-- DESCRIPTION OF THE TASK --
Would you return exactly the lines below from the line with "ομολογιακών δανείων για" through the line with "Logo Miam miam DE", both included, and nothing else, leaving out the pictures?

-- ENTRIES SHOWN --
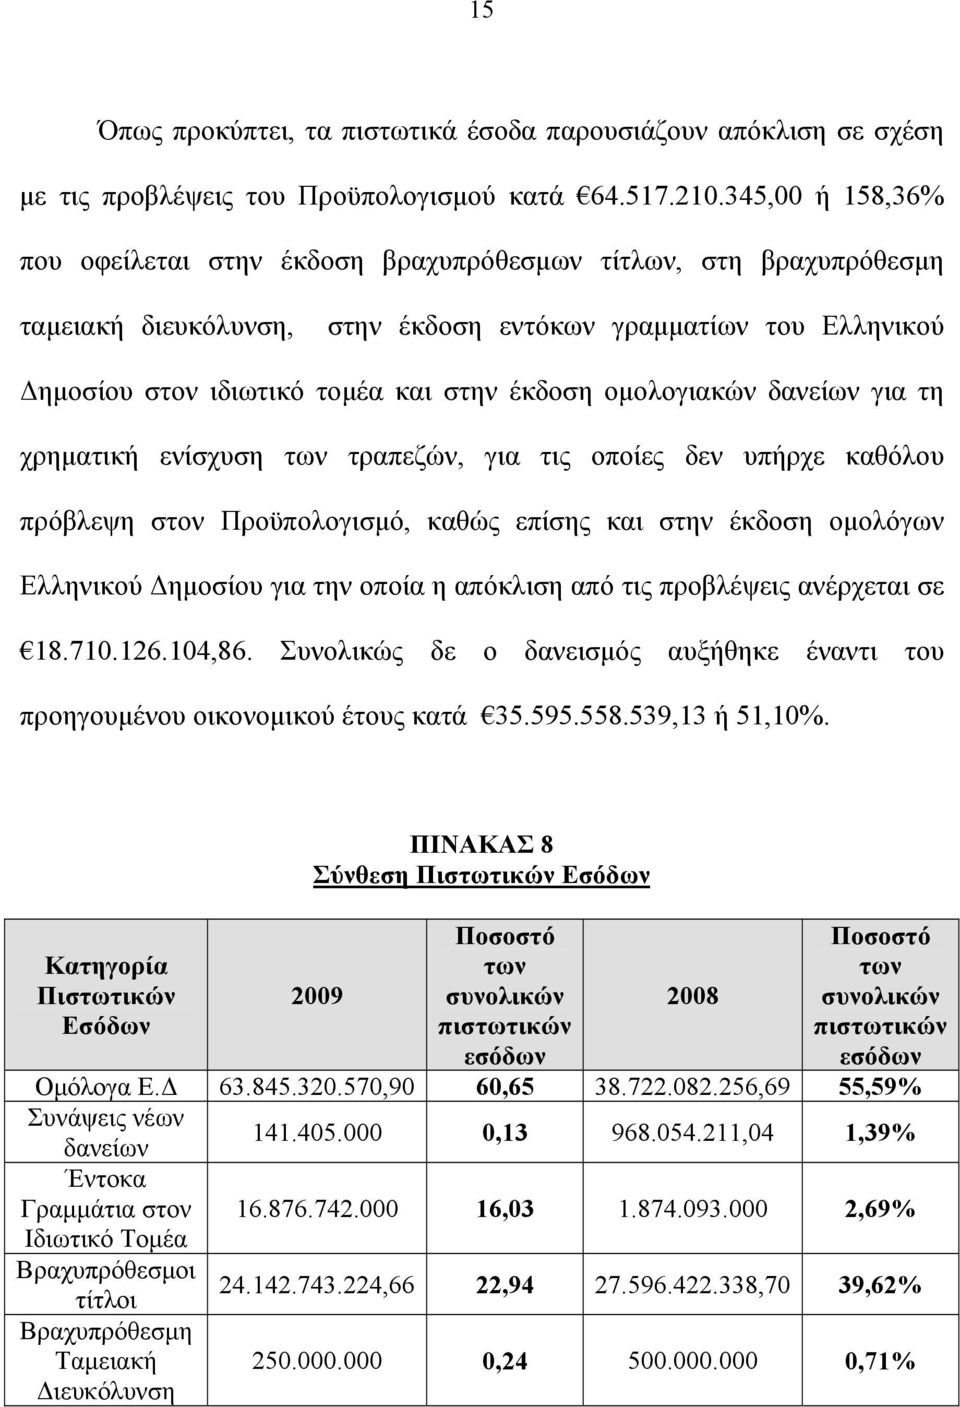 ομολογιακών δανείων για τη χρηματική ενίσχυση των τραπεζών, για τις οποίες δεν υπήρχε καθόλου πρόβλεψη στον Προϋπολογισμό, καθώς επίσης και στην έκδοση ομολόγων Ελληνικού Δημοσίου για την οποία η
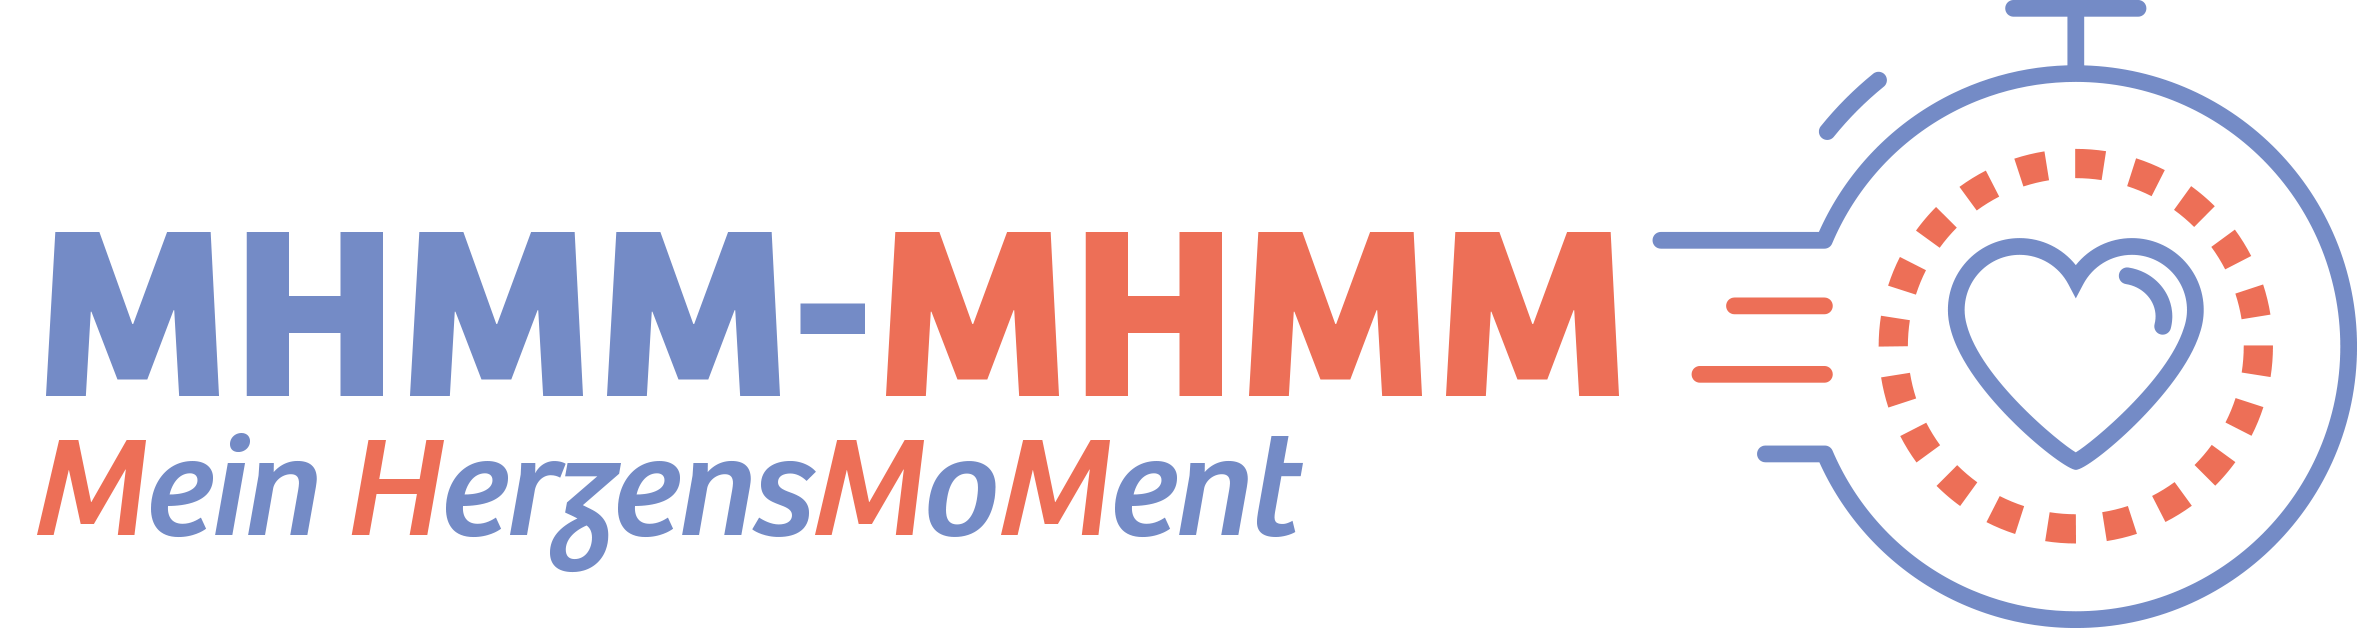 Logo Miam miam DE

--

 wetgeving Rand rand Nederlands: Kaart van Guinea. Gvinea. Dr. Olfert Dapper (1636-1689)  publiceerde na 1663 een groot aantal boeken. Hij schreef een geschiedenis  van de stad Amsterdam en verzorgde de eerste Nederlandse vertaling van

-- RESPONSE TO THE TASK --
 ομολογιακών δανείων για τη χρηματική ενίσχυση των τραπεζών, για τις οποίες δεν υπήρχε καθόλου πρόβλεψη στον Προϋπολογισμό, καθώς επίσης και στην έκδοση ομολόγων Ελληνικού Δημοσίου για την οποία η
 Logo Miam miam DE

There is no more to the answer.